A pilot flying low and slow drops a weight; it takes 2.9 to hit the ground, during which it travels a horizontal distance of 115 . Now the pilot does a run at the same height but twice the speed. How much time does it take the weight to hit the ground?
2.9 seconds. Same amount of gravity.
5 s
To solve this problem, we can use the principles of projectile motion.
Let's break down the given information:
The weight is dropped at a low and slow speed, taking 2.9 seconds to hit the ground. During this time, it travels a horizontal distance of 115 meters.
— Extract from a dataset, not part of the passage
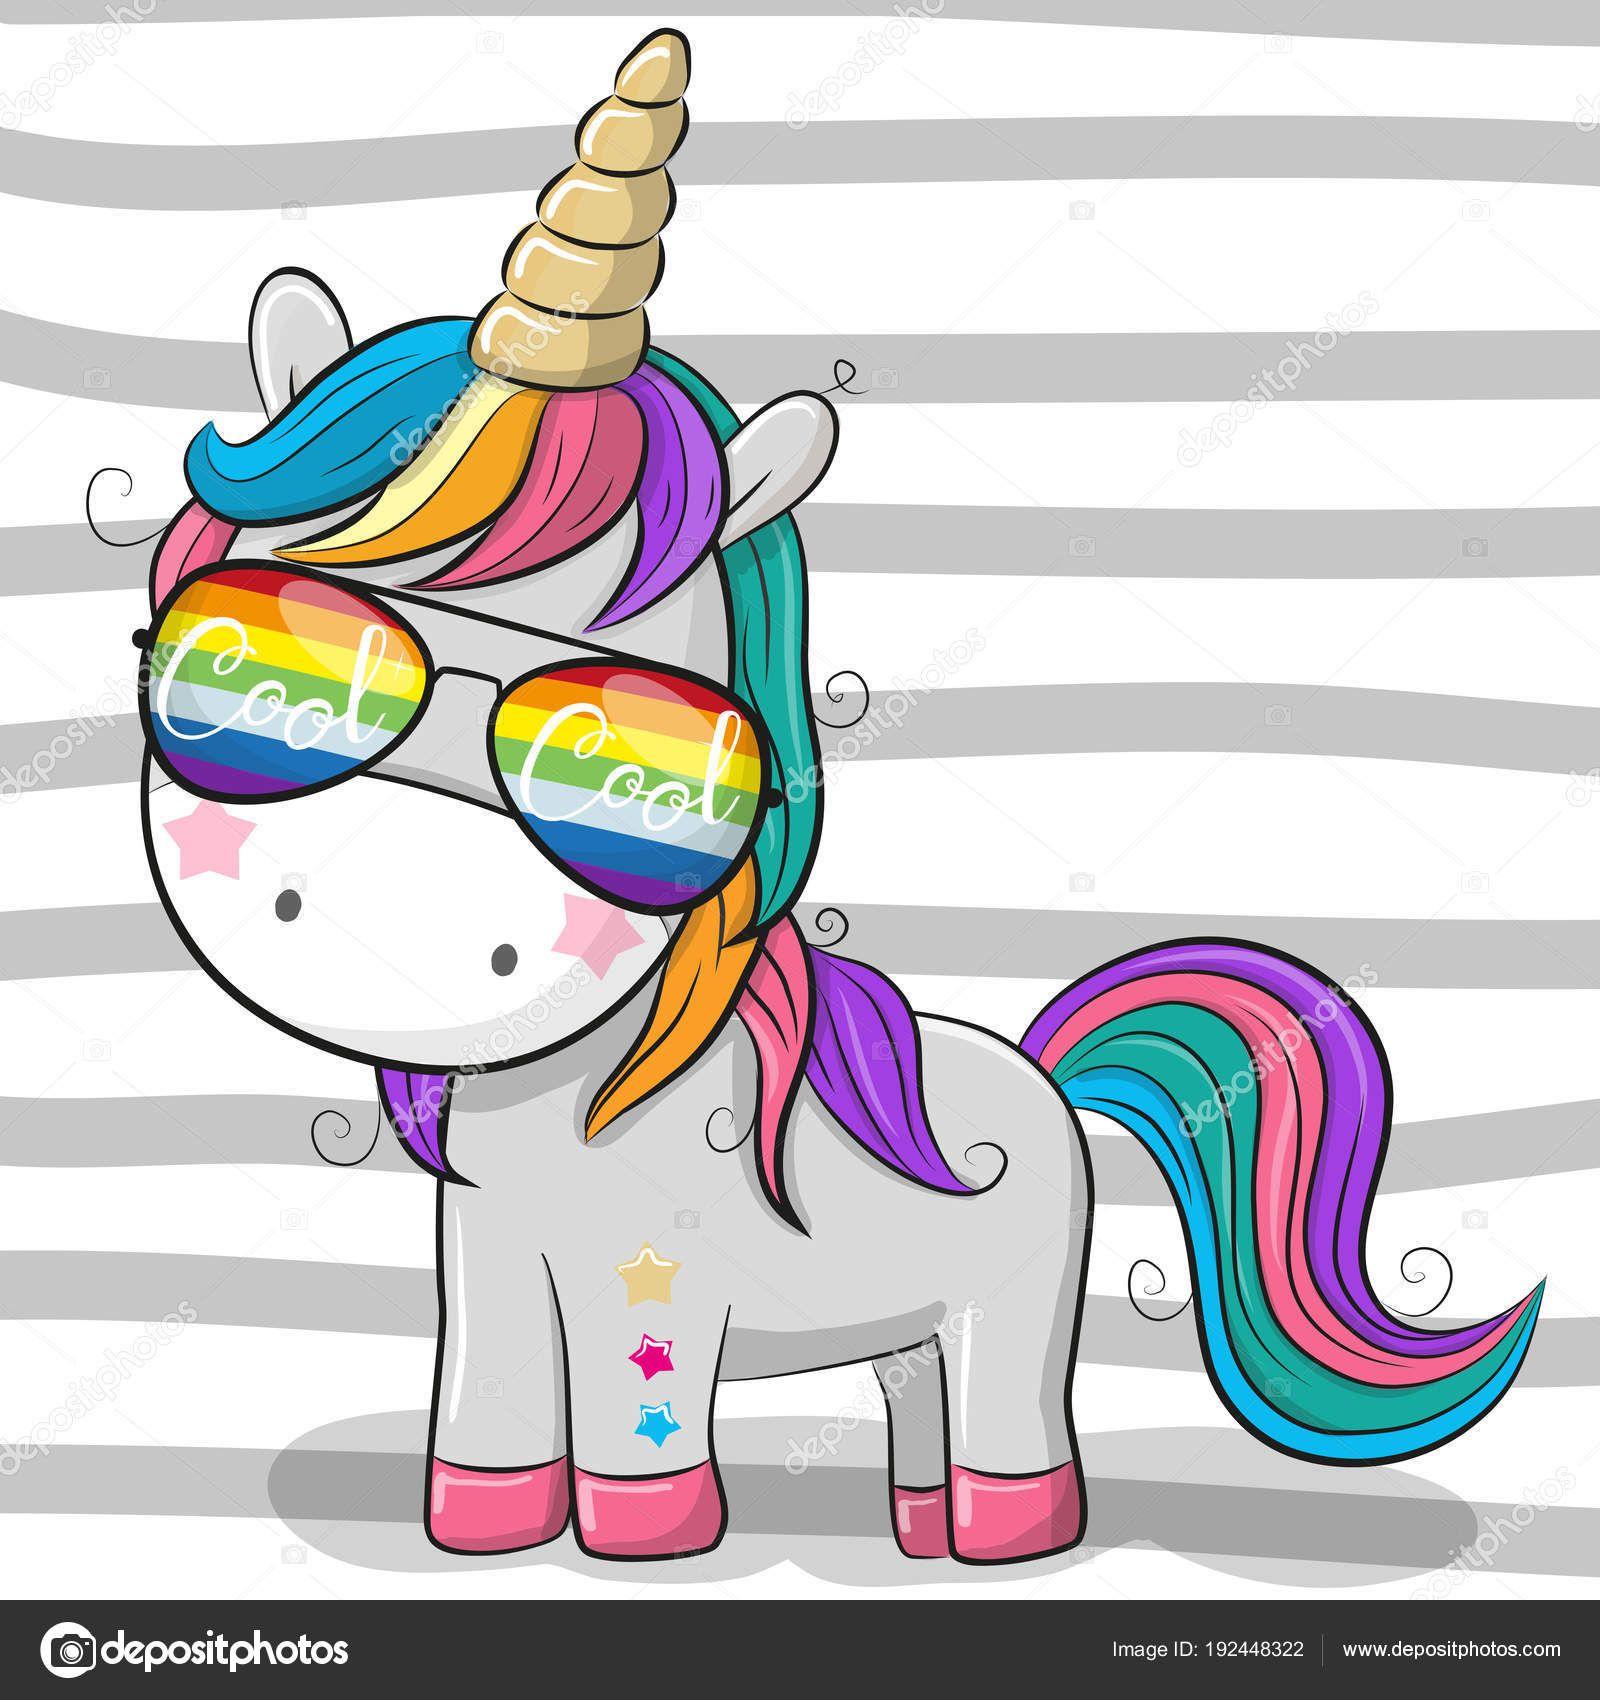 bdc6c1729d Descargar - Lindo unicornio con gafas de sol — Ilustración de Stock ...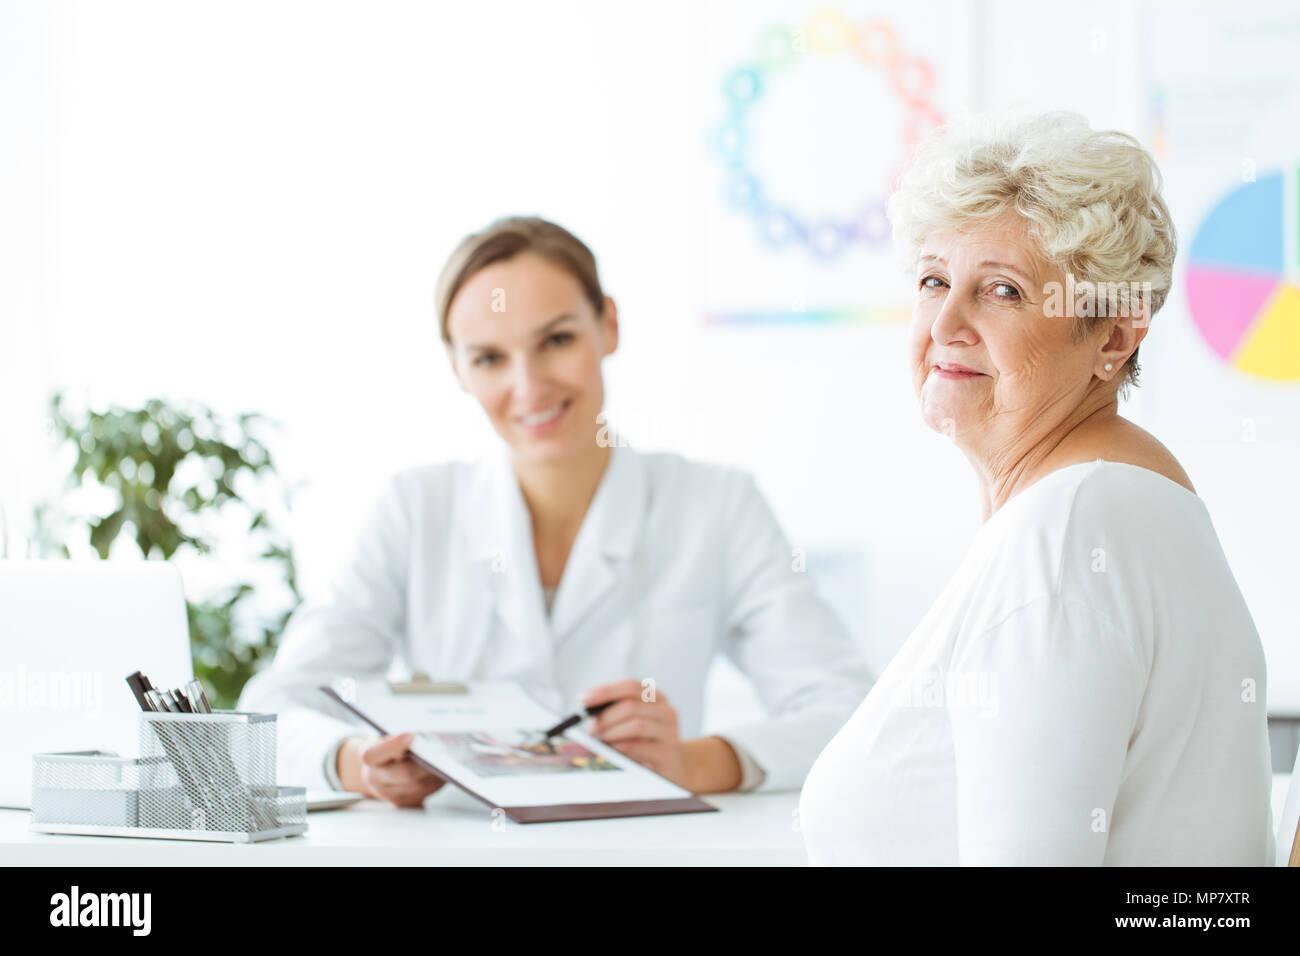 Diabético sonriente obtiene un plan de dieta personalizada de nutricionista profesional. Dietista consulta concepto Imagen De Stock

Now we need to find out how much time it takes for the weight to hit the ground when the pilot does a run at the same height but twice the speed.
Since the run is at twice the speed, we can assume that the initial horizontal velocity of the weight is also doubled.
Using the formula of horizontal distance (d) = initial horizontal velocity (v) × time (t), we can rearrange the equation to find time.
For the initial drop:
115 meters = v1 × 2.9 seconds
We can now solve for v1 (initial horizontal velocity):
v1 = 115 meters / 2.9 seconds
v1 ≈ 39.655 meters/second
Now, for the run at twice the speed:
The weight is dropped with an initial horizontal velocity of 2v1 and time taken is t.
115 meters = (2v1) × t
We can now solve for t:
t = 115 meters / (2v1)
t ≈ 115 meters / (2 × 39.655 meters/second)
t ≈ 1.45 seconds
So, it takes approximately 1.45 seconds for the weight to hit the ground during the run at the same height but twice the speed.